The law is only binding on the state courts, and has no force in the circuit courts of the Union.

It is also the settled doctrine of this Court that a patent carries the fee, and is the best title known to a court of law.

This was an ejectment brought by the Hoopers against Scheimer for an undivided one-fourth part of lots numbered one, two, three, four, five, six, seven, eight, nine, ten, eleven, and twelve, in block numbered ten, in that part of the City of Little Rock lying east of the Quapaw Line, and known as Governor Pope's Addition, and are embraced in the northwest fractional quarter of section number two, in township one north, range twelve west.

The plea was, not guilty &c., and upon the trial of the issue by a jury, a verdict for the defendant was returned, and he had judgment for costs.

The mode of bringing an ejectment in Arkansas is merely to state in the declaration that the plaintiff was entitled to the possession of the property and that the defendant entered upon it and ejected the plaintiff therefrom.

The Hoopers were the heirs of Cloyes, and claimed under his preemption, which has been mentioned more than once in these reports.

The defendant claimed under a patent embracing the lots in controversy, to the reading of which in evidence the plaintiffs objected on the ground that it was inoperative and void as to the said northwest fractional quarter on which said preemption had been established because said fractional quarter had been previously appropriated to the private use of said Nathan Cloyes, deceased, and that such patent had been issued without authority, in violation and without warrant of law, and for land not subject to be granted or patented; but the court overruled the objection and permitted the patent to be read, whereupon the plaintiffs excepted.

There was other evidence on both sides given upon the trial, but it is not necessary to mention it in this report.

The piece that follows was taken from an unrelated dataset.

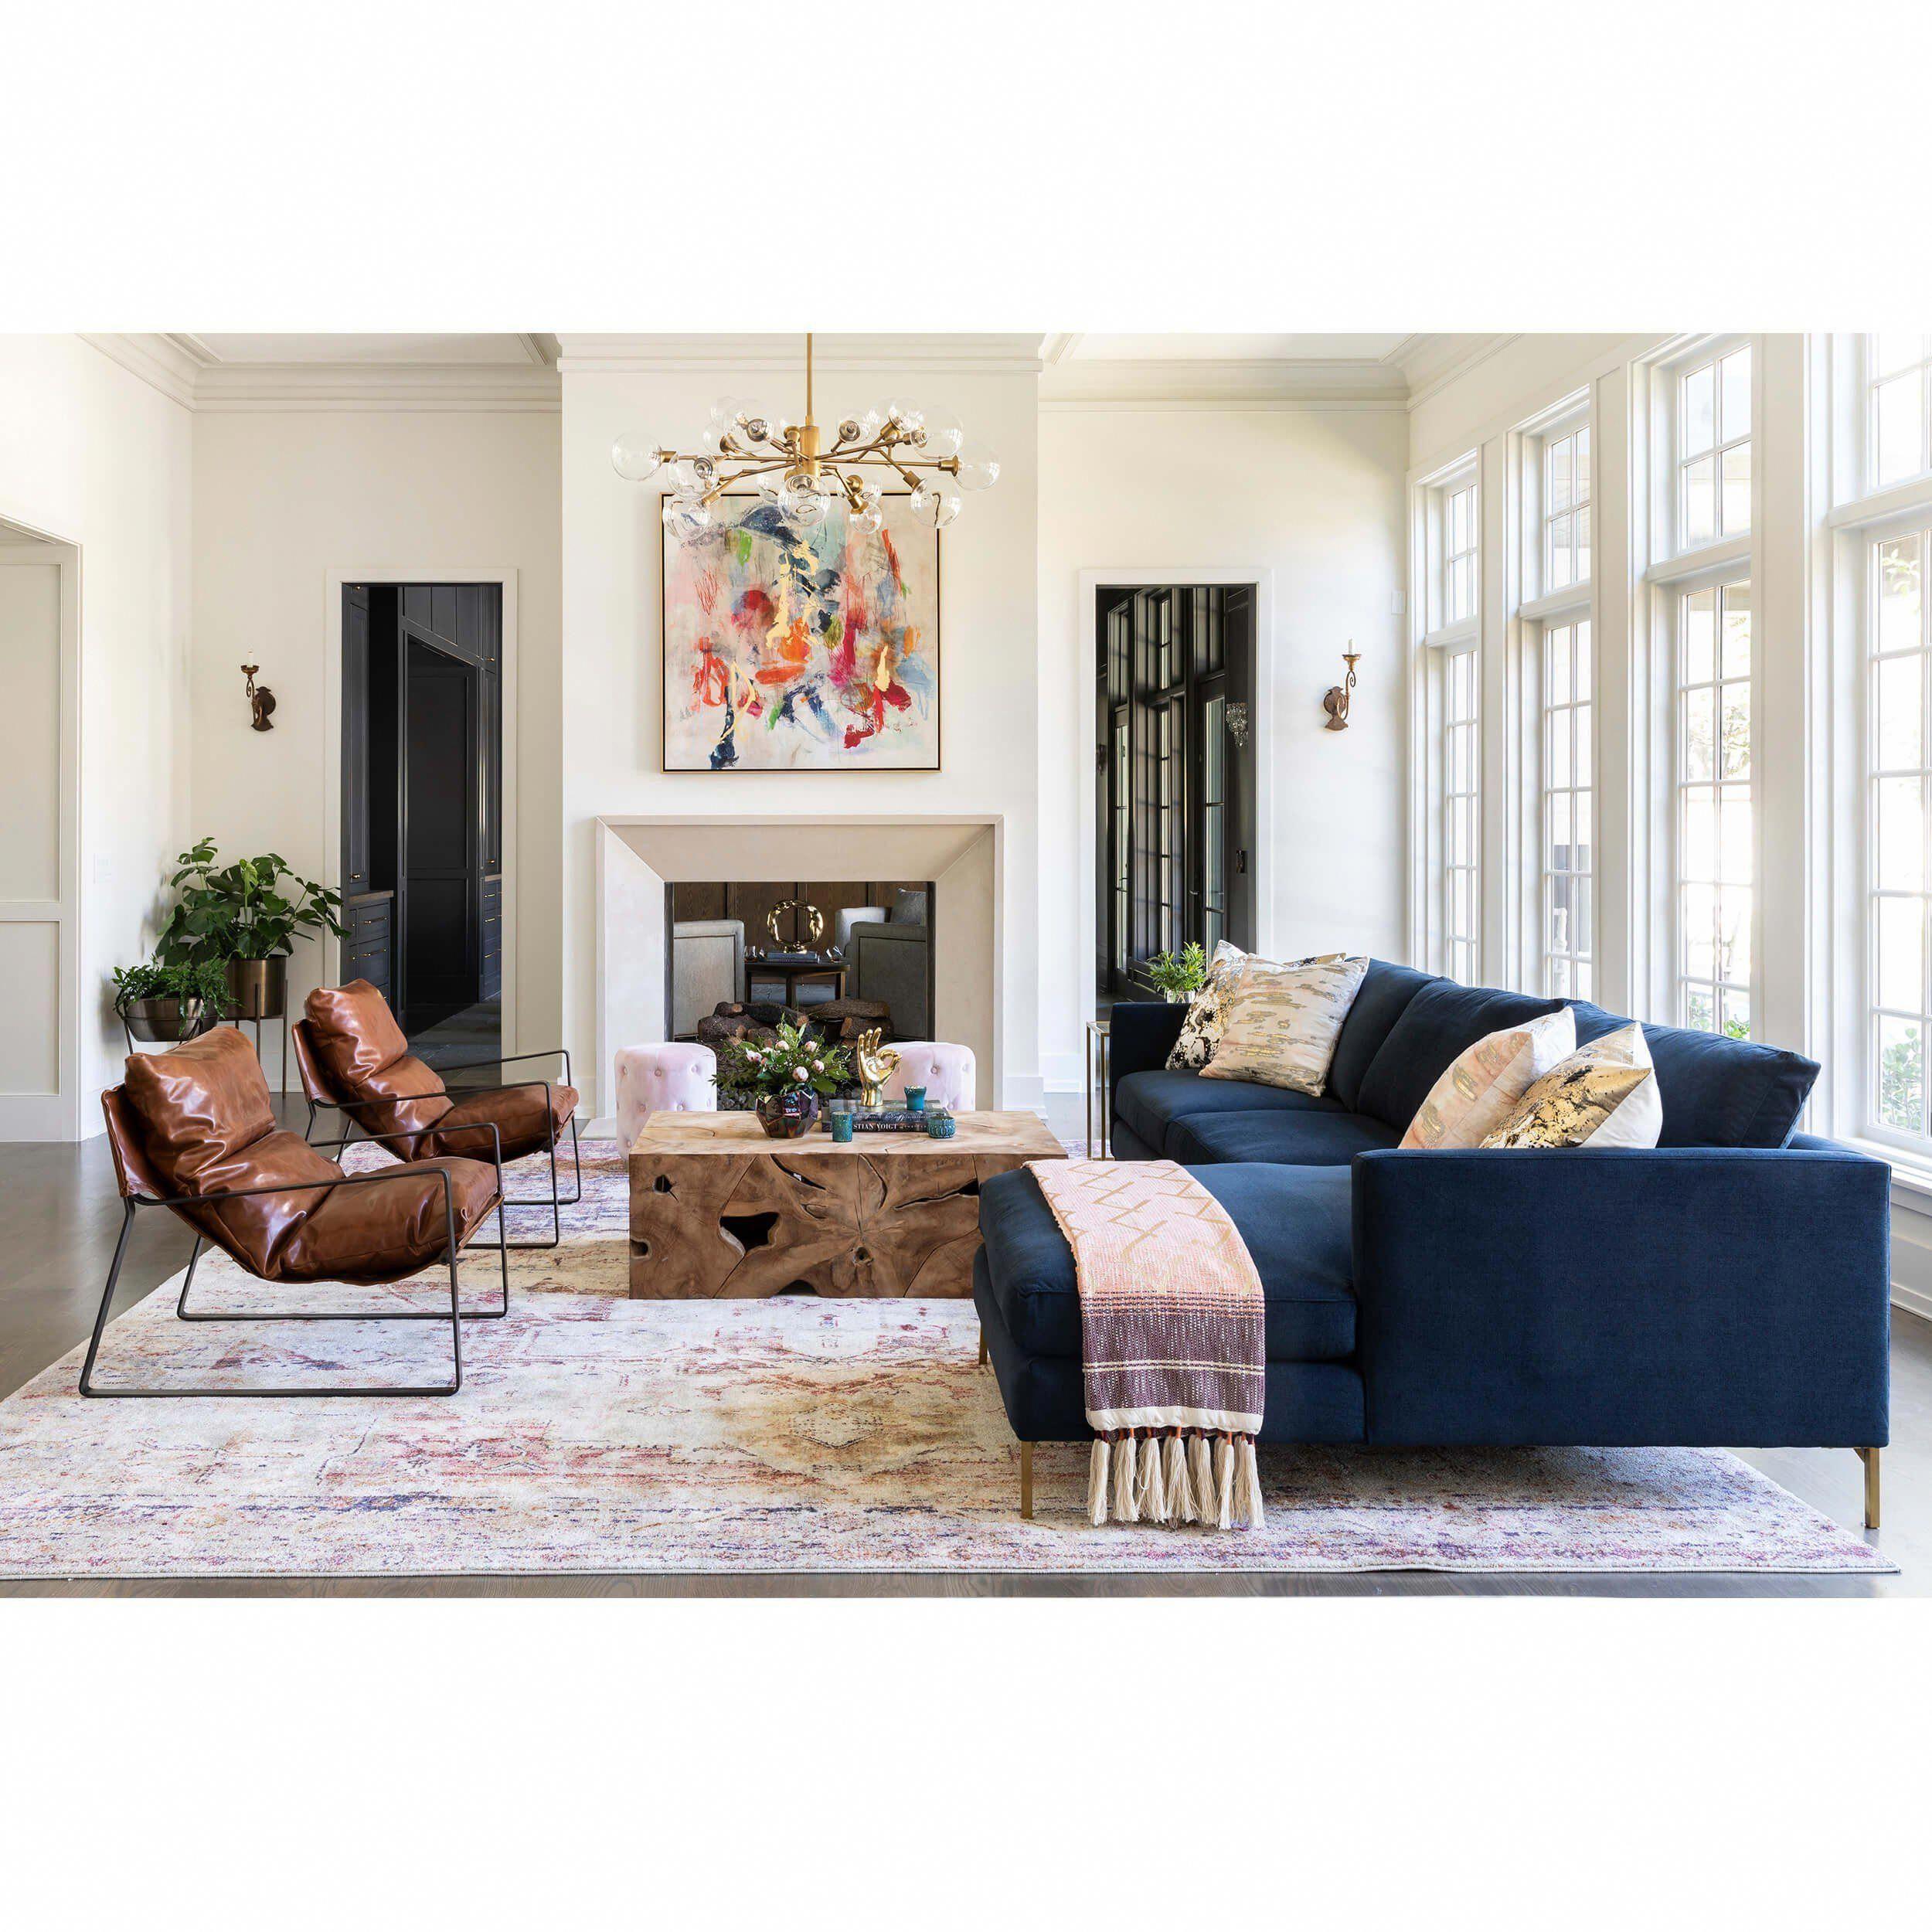 Furniture Donation Pick Up Denver Furnitureshippingestimate

After the evidence was finished, the plaintiffs offered two

Page 64 U. S. 237

prayers to the court, the purport of which was to declare the patent inoperative and void, which prayers were refused. The defendant offered five which were granted, of which it is only necessary in this report to notice the two following.

1. The patent from the United States, conveying the fee to the northwest fractional quarter of section two, in township one north, of range twelve west, to the grantee therein named, dated 2 November, 1833, not appearing to be void, is a complete and paramount legal title, and must prevail in this action over the title of the plaintiffs and any equities that may exist between parties behind it can only be assisted and be made available in a court of chancery, but cannot affect the patent in this action, and if the jury believe that the undivided interest mentioned in the declaration is embraced in the patent as a portion of the said tract of land, the finding of the jury should be for the defendant.

2. That the action of ejectment is founded on the legal title, and the plaintiffs must recover on the strength of their own title; that a patent from the United States is a higher and better legal title, and must prevail in an action of ejectment over an entry with the register and receiver or a preemption right under the laws of the United States, notwithstanding the state statute may authorize an action of ejectment to be instituted on the latter and maintained against any person not holding under a superior title.